Rate of covergence: naïve Bayes Consider first how quickly parameter estimates converge toward their asymptotic values. Then we’ll ask how this influences rate of convergence toward asymptotic classification error.

Rate of covergence: naïve Bayes parameters

from UCI data experiments Some sets

What you should know: • Logistic regression – Functional form follows from Naïve Bayes assumptions – But training procedure picks parameters without the conditional independence assumption – MLE training: pick W to maximize P(Y | X, W) – MAP training: pick W to maximize P(W | X,Y) • ‘regularization’ • Gradient ascent/descent – General approach when closed-form solutions unavailable • Generative vs. Discriminative classifiers – Bias vs. variance tradeoff

Logistic Regression Required reading: Mitchell draft chapter (see - PowerPoint PPT Presentation

Logistic Regression Required reading: Mitchell draft chapter (see course website) Recommended reading: Bishop, Chapter 3.1.3, 3.1.4 Ng and Jordan paper (see course website) Machine Learning 10-701 Tom M. Mitchell Center for

Regression 3: Logistic Regression Marco Baroni Practical Statistics in R Outline Logistic

Logistic Regression James H. Steiger Department of Psychology and Human Development Vanderbilt

Todays lecture Logistic regression How can we use logistic regression for reranking? Shay

From Logistic Regression to Neural Networks CMSC 470 Marine Carpuat Logistic Regression What

LEARNING Outline Math Behind Logistic Regression Visualizing Logistic Regression Loss

Workshop 10.5a: Logistic regression Murray Logan August 23, 2016 Table of contents 1 Logistic

Logistic Regression using OLS1D in Excel 2013 XL4D: V0H XL4D: V0H XL4D: V0H 2015 Schield

Workshop 10.5a: Logistic regression Murray Logan 05 Sep 2016 Section 1 Logistic regression

Lecture 3: Logistic Regression Feng Li Shandong University fli@sdu.edu.cn September 21, 2020

Regression Methods 1. Linear Regression and Logistic Regression: definitions, and a common

XL4B: Logistic Regression using OLS1B in Excel 2013 25 Feb 2018 V0C-2x XL4B: V0C-2x XL4B: V0C-2x

Logistic regression Shay Cohen (based on slides by Sharon Goldwater) 28 October 2019 Todays

Machine Learning Logistic Regression Hamid R. Rabiee Spring 2015

Learning From Data Lecture 9 Logistic Regression and Gradient Descent Logistic Regression

Logistic regression Predict binary outcomes (success/failure) from numerical or categorical

Logistic Regression: MLE vs. OLS3 in Excel2013 25 Aug 2016 V0H V0H V0H Schield MLE vs.

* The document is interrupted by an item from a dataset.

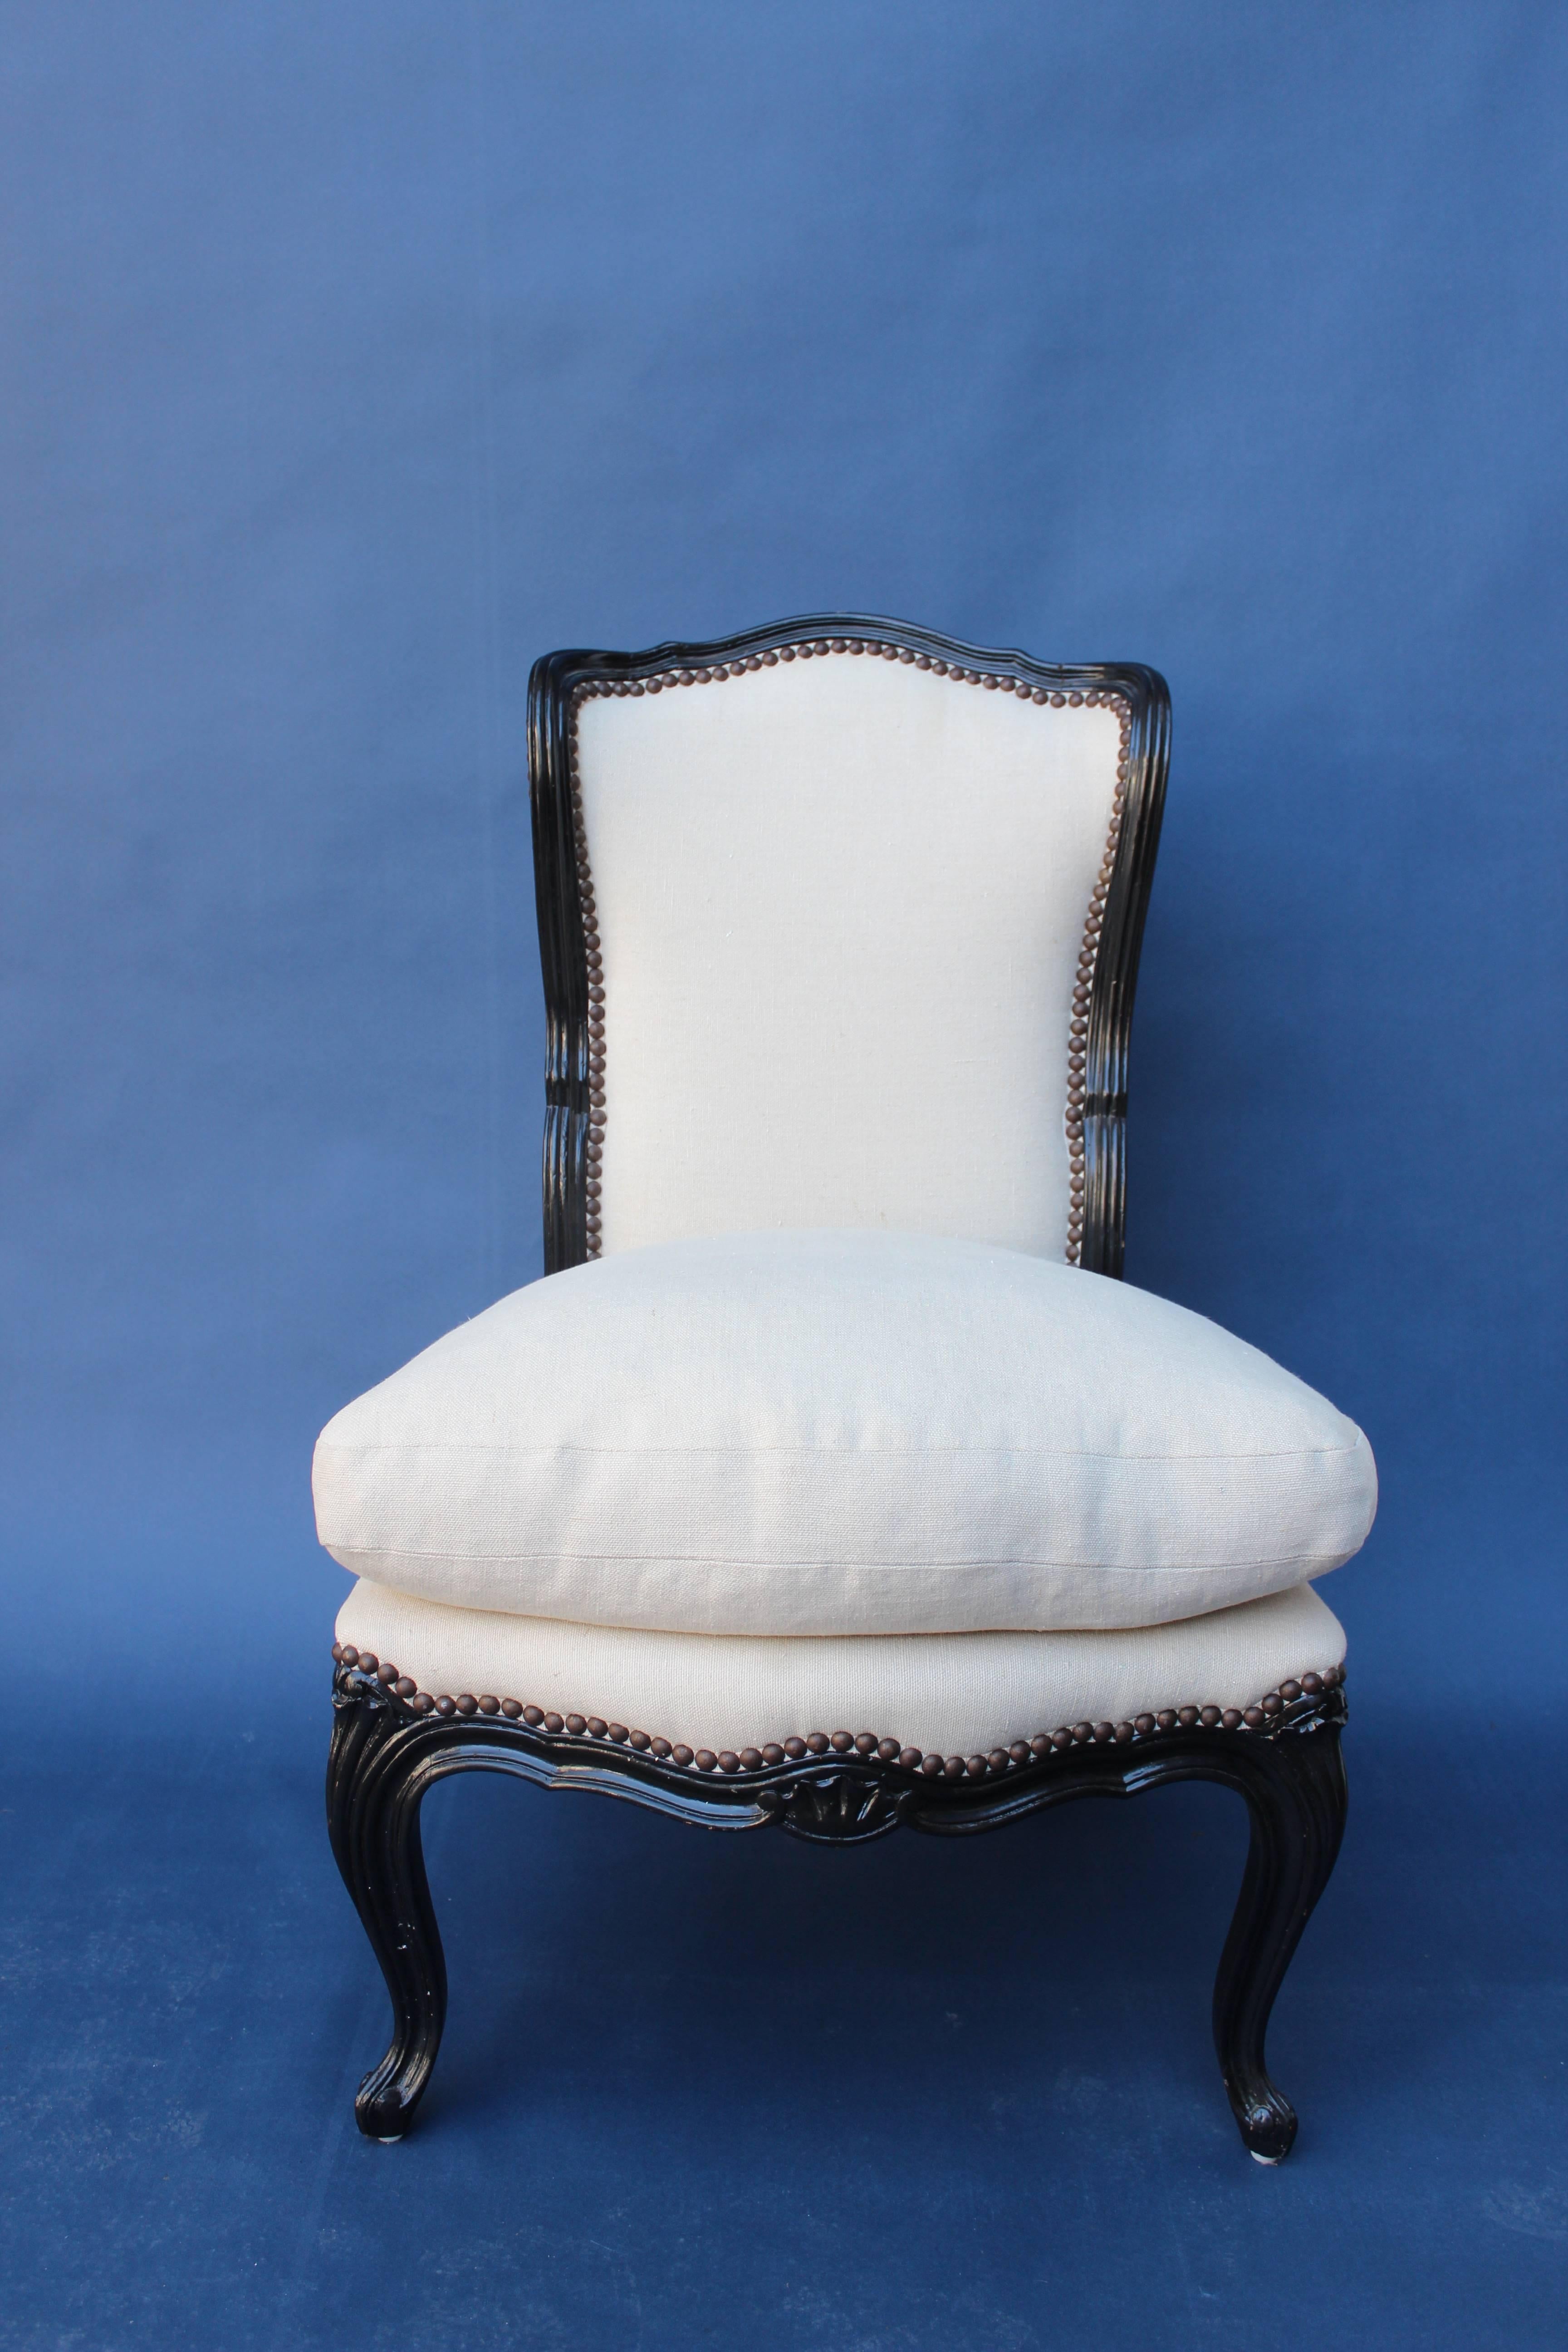 Petit French slipper chair with black painted frame newly reupholstered in linen with all new materials and plump down seat.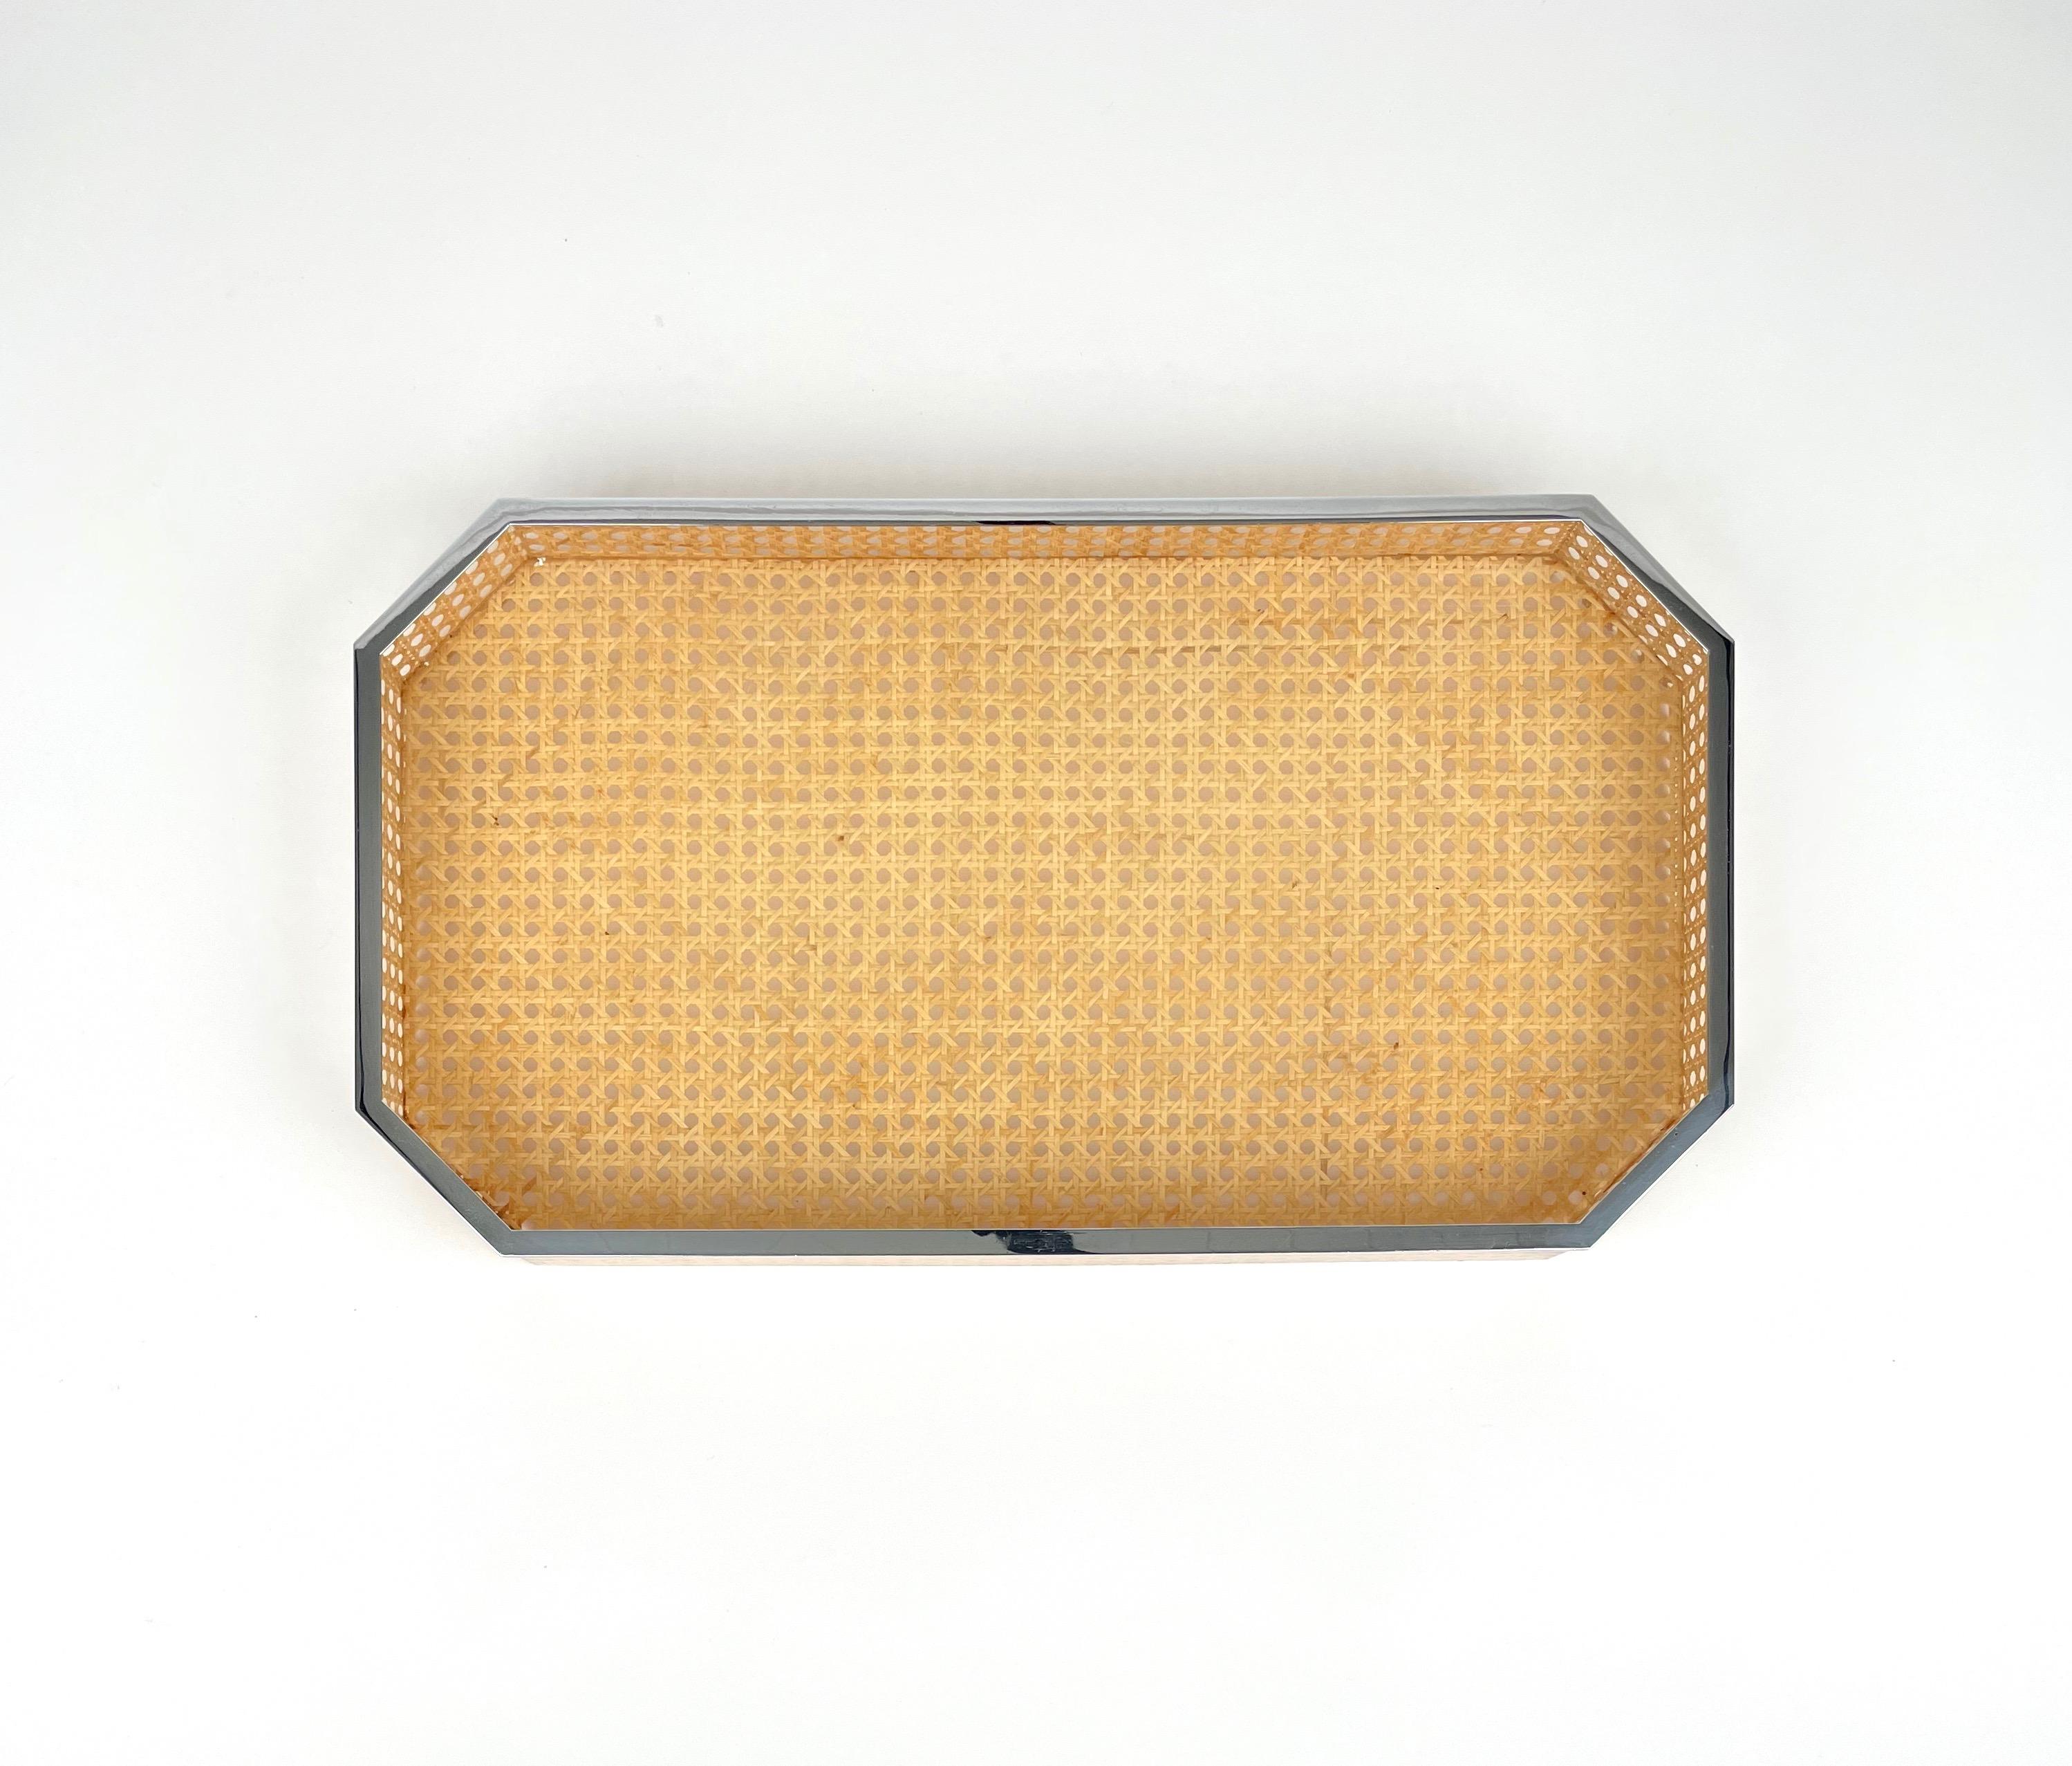 Centerpiece Tray Lucite, Rattan & Chrome Christian Dior Style, Italy, 1970s 2

Discriminative vs. Generative Learning CS 760@UW-Madison Goals for the lecture you should

Chapter 3: Modeling with First-Order Differential Equations Department of Electrical Engineering

Machine Learning - MT 2016 16. Course Summary Varun Kanade University of Oxford November 30,

Overfitting Many hypotheses consistent with/close to the data About this class With enough

Optimal scaling and convergence of Markov chain Monte Carlo methods Alain Durmus Joint work

Overview of logistic regression Richard Erickson Instructor DataCamp Generalized Linear Models

Logistic Regression Two Worlds: Probabilistic & Algorithmic We know two conceptual approaches

Bayesian logistic regression Already covered in lectures on classification Laplace and

Logistic Regression Required reading: Mitchell draft chapter (see - PowerPoint PPT Presentation

Logistic Regression Required reading: Mitchell draft chapter (see course website) Recommended reading: Bishop, Chapter 3.1.3, 3.1.4 Ng and Jordan paper (see course website) Machine Learning 10-701 Tom M. Mitchell Center for

Regression 3: Logistic Regression Marco Baroni Practical Statistics in R Outline Logistic

Logistic Regression James H. Steiger Department of Psychology and Human Development Vanderbilt

Todays lecture Logistic regression How can we use logistic regression for reranking? Shay

From Logistic Regression to Neural Networks CMSC 470 Marine Carpuat Logistic Regression What

LEARNING Outline Math Behind Logistic Regression Visualizing Logistic Regression Loss

Workshop 10.5a: Logistic regression Murray Logan August 23, 2016 Table of contents 1 Logistic

Logistic Regression using OLS1D in Excel 2013 XL4D: V0H XL4D: V0H XL4D: V0H 2015 Schield

Workshop 10.5a: Logistic regression Murray Logan 05 Sep 2016 Section 1 Logistic regression

Lecture 3: Logistic Regression Feng Li Shandong University fli@sdu.edu.cn September 21, 2020

Regression Methods 1. Linear Regression and Logistic Regression: definitions, and a common

XL4B: Logistic Regression using OLS1B in Excel 2013 25 Feb 2018 V0C-2x XL4B: V0C-2x XL4B: V0C-2x

Logistic regression Shay Cohen (based on slides by Sharon Goldwater) 28 October 2019 Todays

Machine Learning Logistic Regression Hamid R. Rabiee Spring 2015

Learning From Data Lecture 9 Logistic Regression and Gradient Descent Logistic Regression

Logistic regression Predict binary outcomes (success/failure) from numerical or categorical

Logistic Regression: MLE vs. OLS3 in Excel2013 25 Aug 2016 V0H V0H V0H Schield MLE vs.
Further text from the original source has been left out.